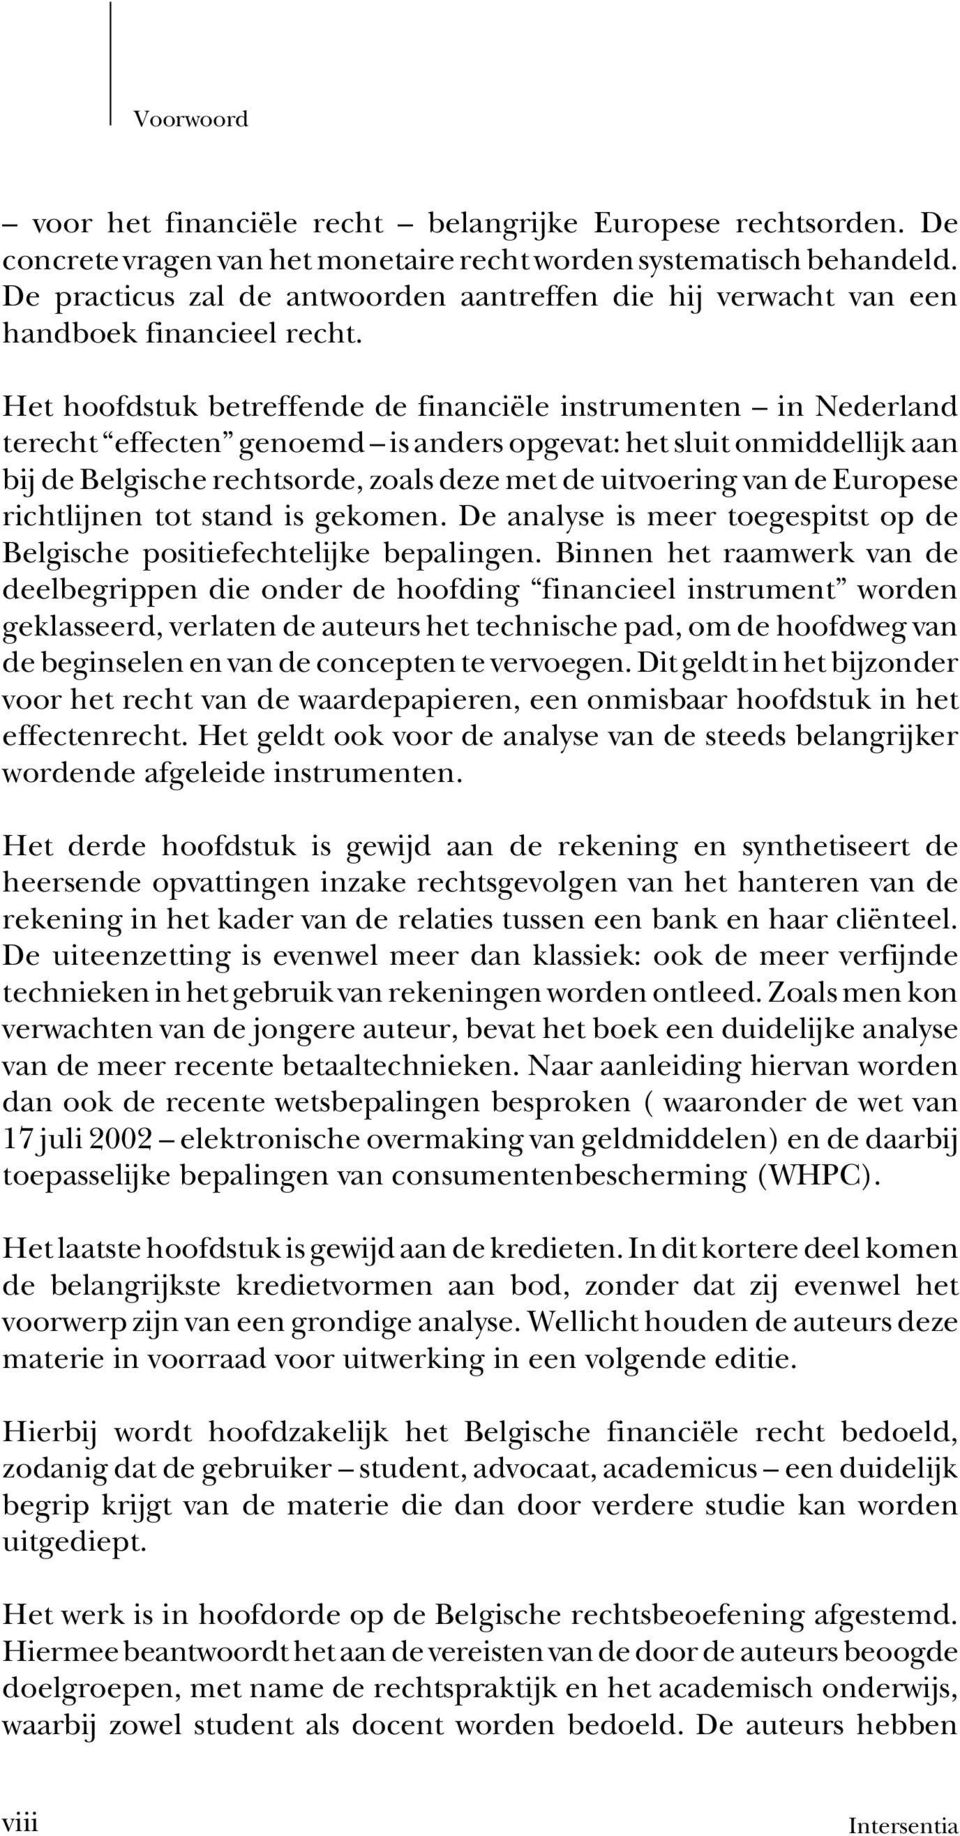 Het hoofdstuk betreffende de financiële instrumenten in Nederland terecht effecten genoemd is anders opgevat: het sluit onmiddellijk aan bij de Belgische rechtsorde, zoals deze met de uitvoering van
= = =
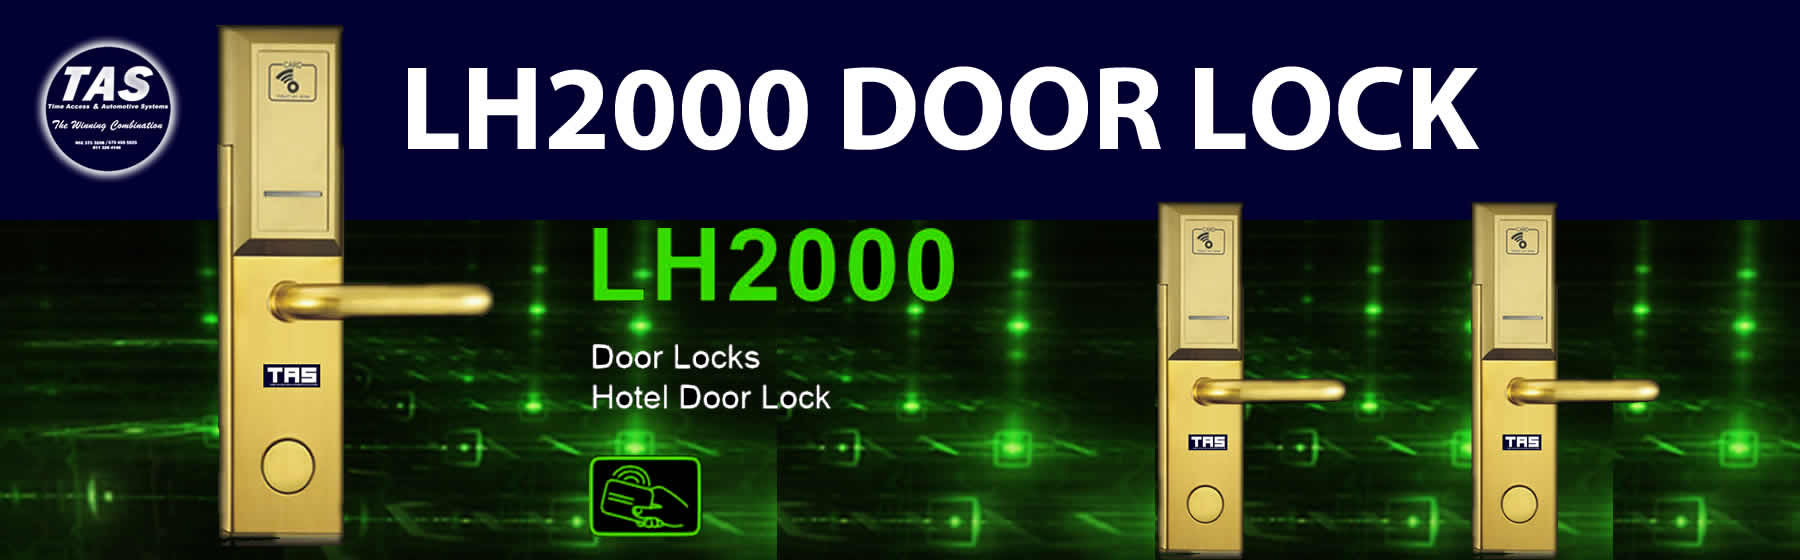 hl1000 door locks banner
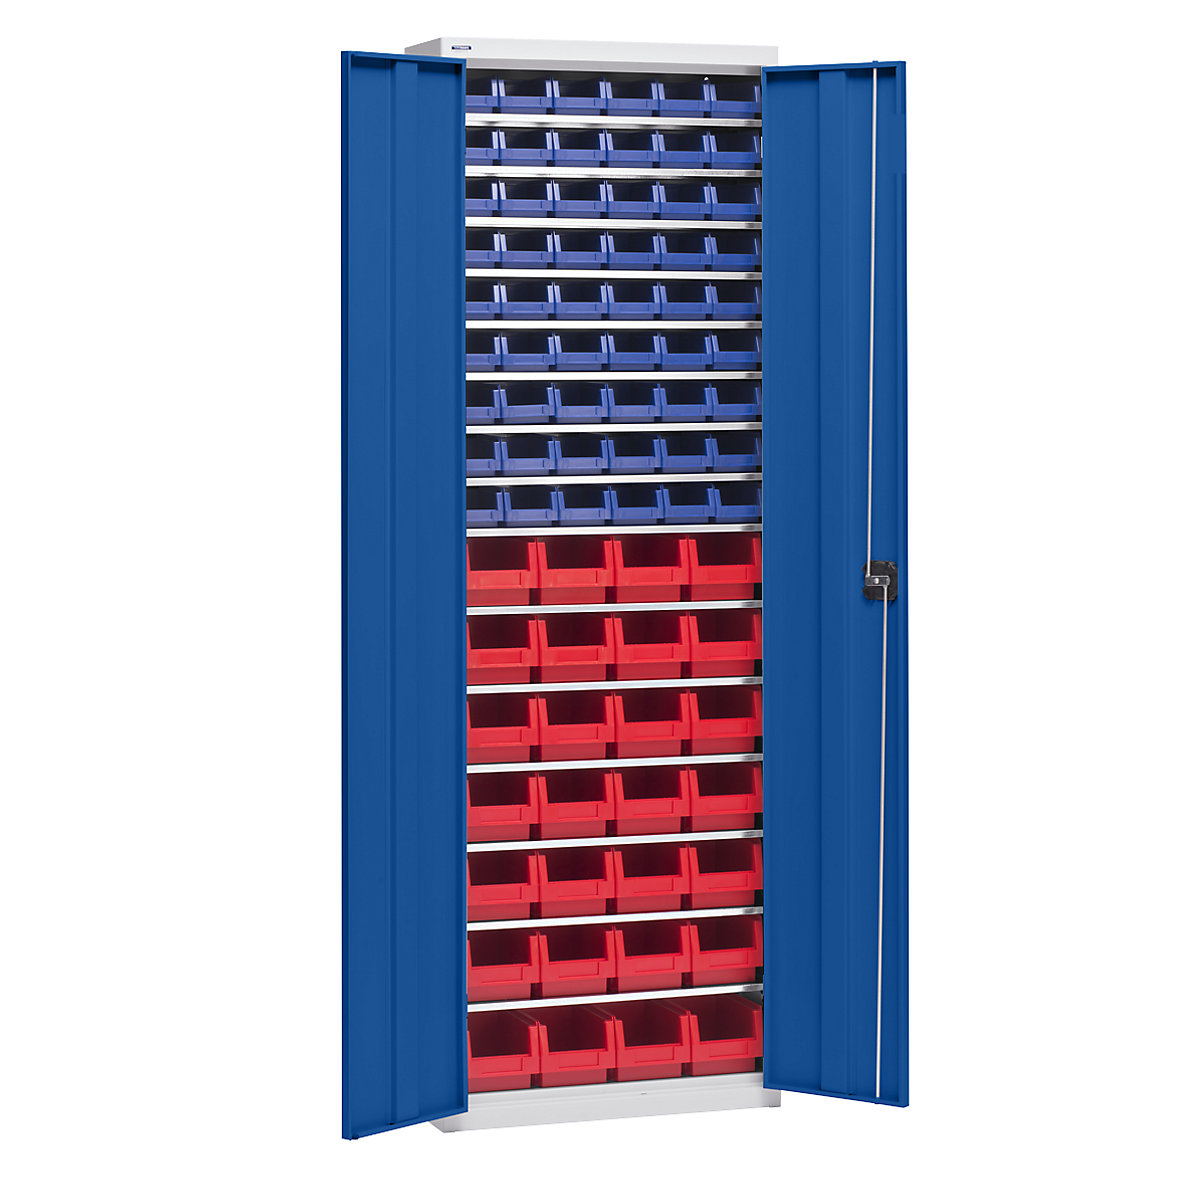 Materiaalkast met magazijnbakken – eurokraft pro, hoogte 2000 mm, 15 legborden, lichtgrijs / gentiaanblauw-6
= = =
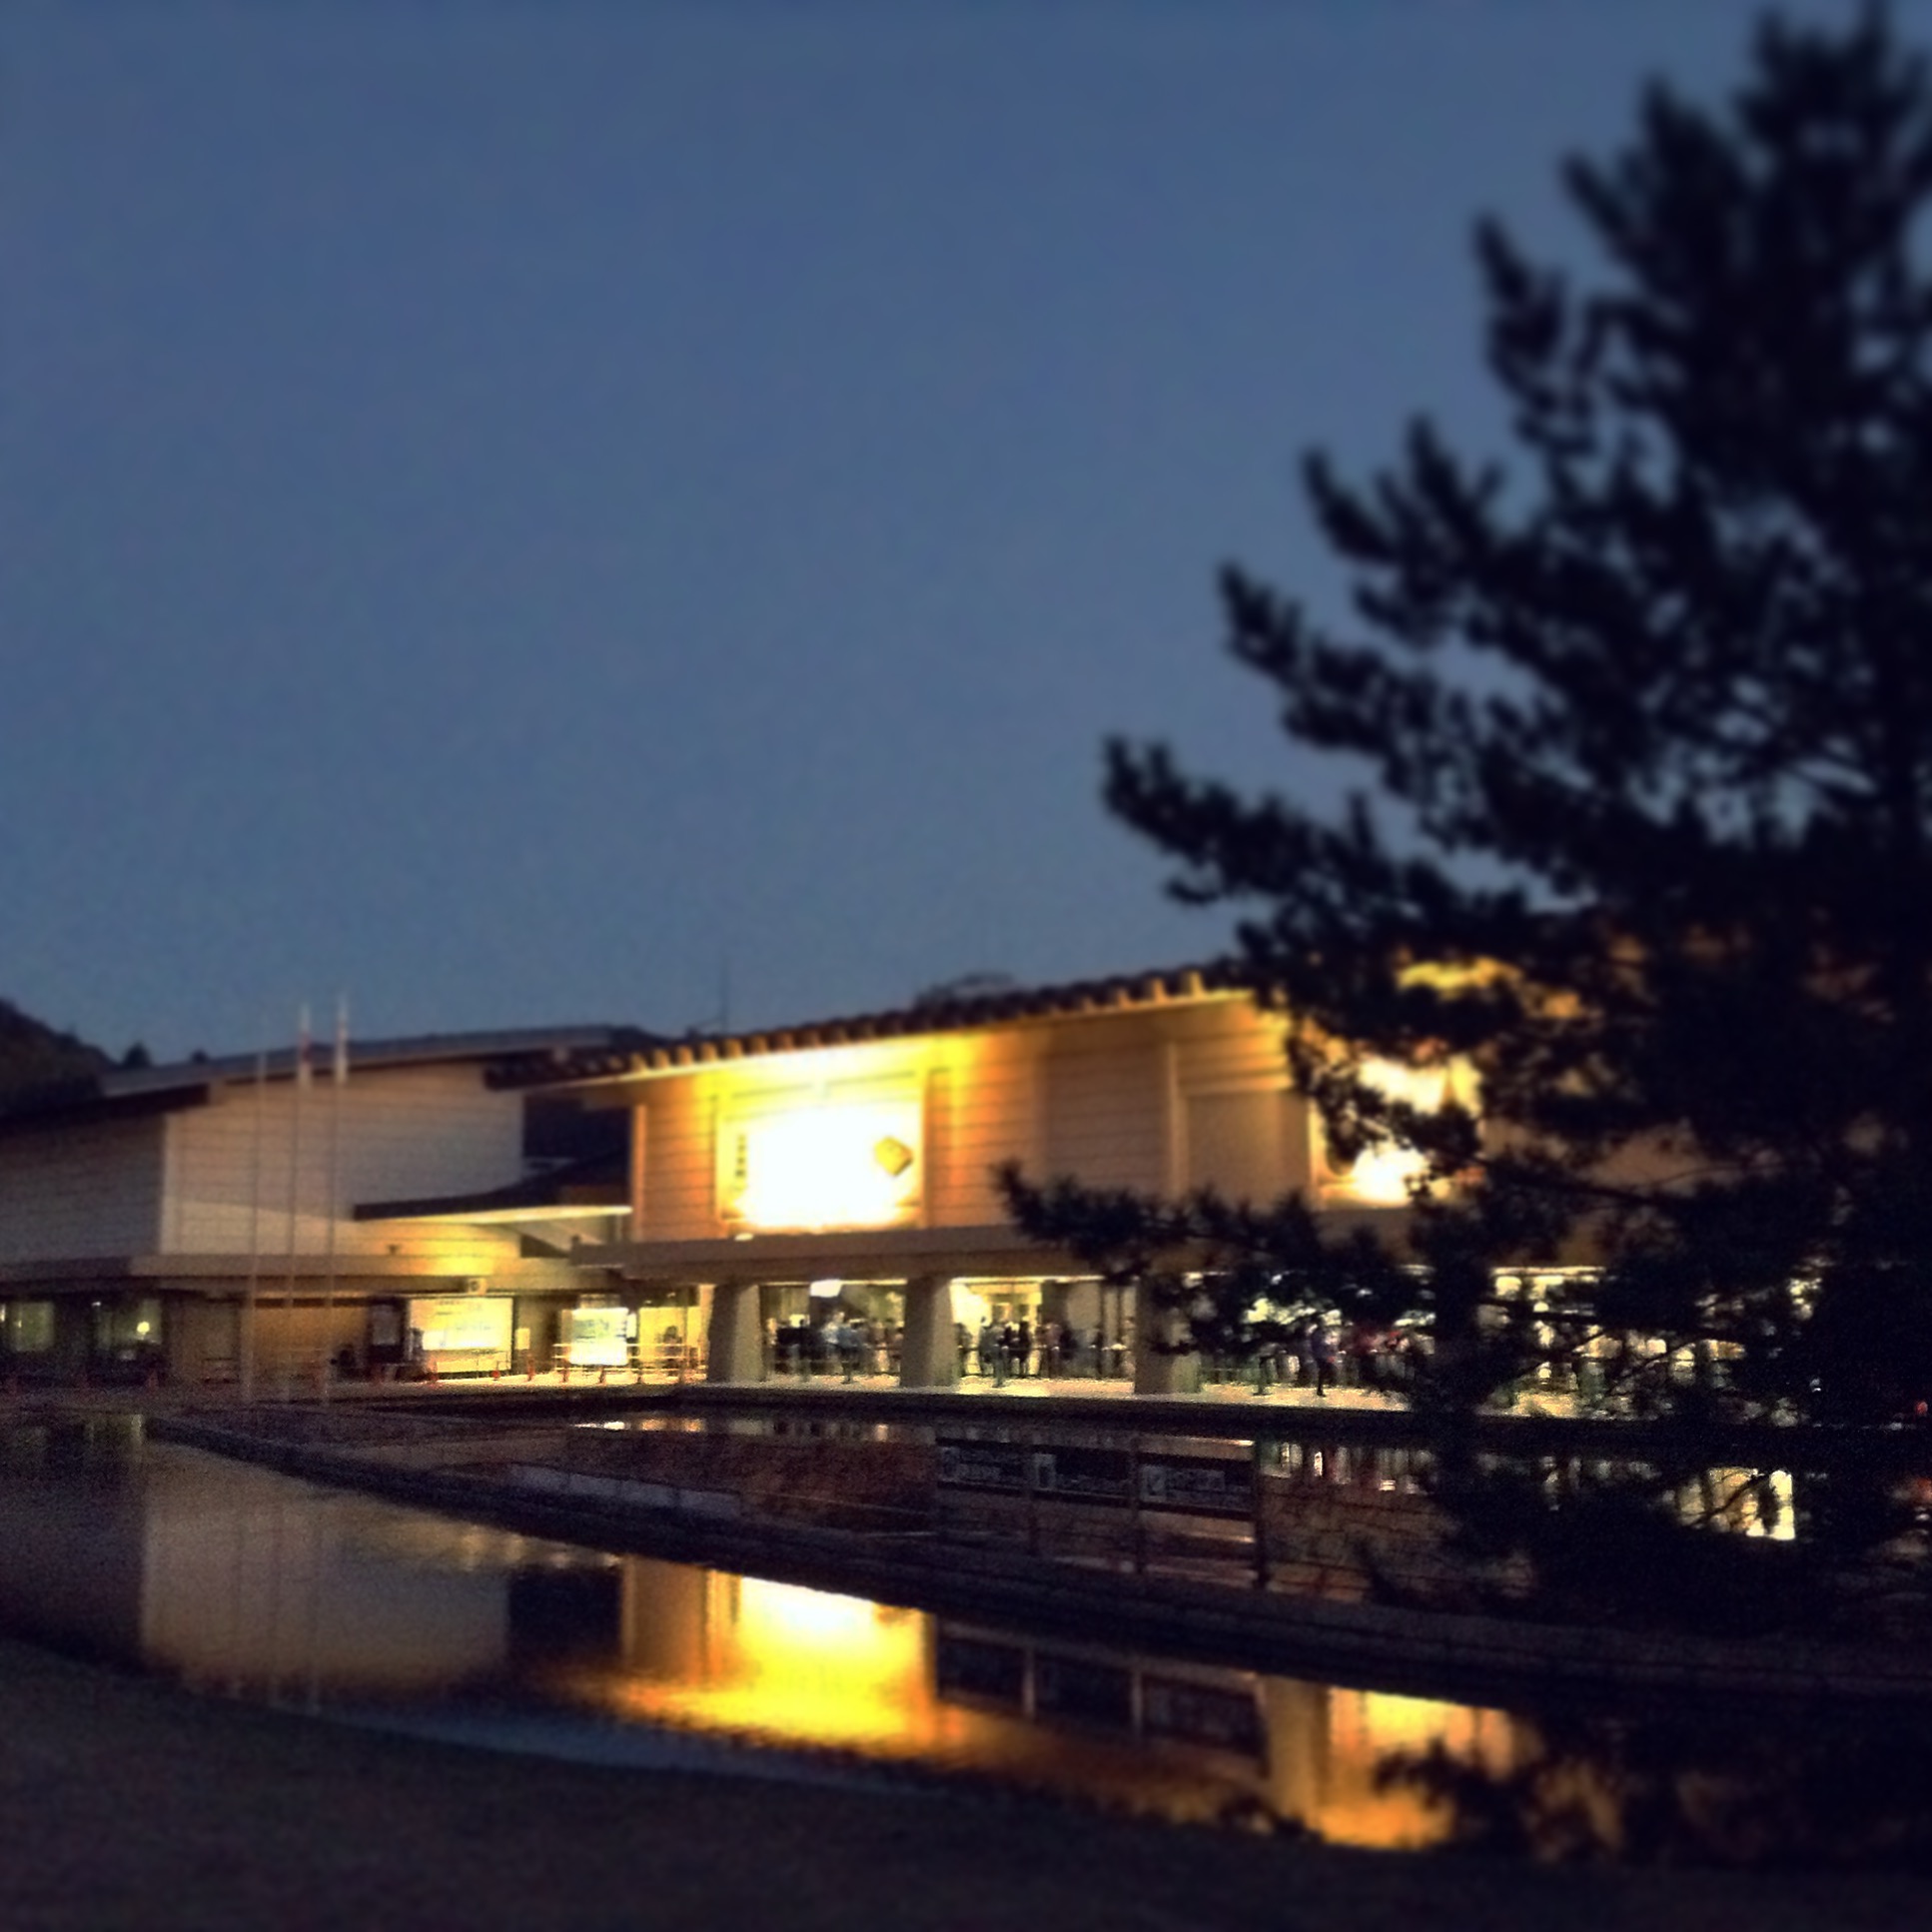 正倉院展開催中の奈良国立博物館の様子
= = =
> **Work required**: Of all the material above, only the lines from the one that has "hl1000 door locks banner" down to the one that has "Materiaalkast met magazijnbakken" are to be written out, exactly and with both ends included. Pictures are skipped.

> **Problem solution**:
 hl1000 door locks banner
 Materiaalkast met magazijnbakken – eurokraft pro, hoogte 2000 mm, 15 legborden, lichtgrijs / gentiaanblauw-6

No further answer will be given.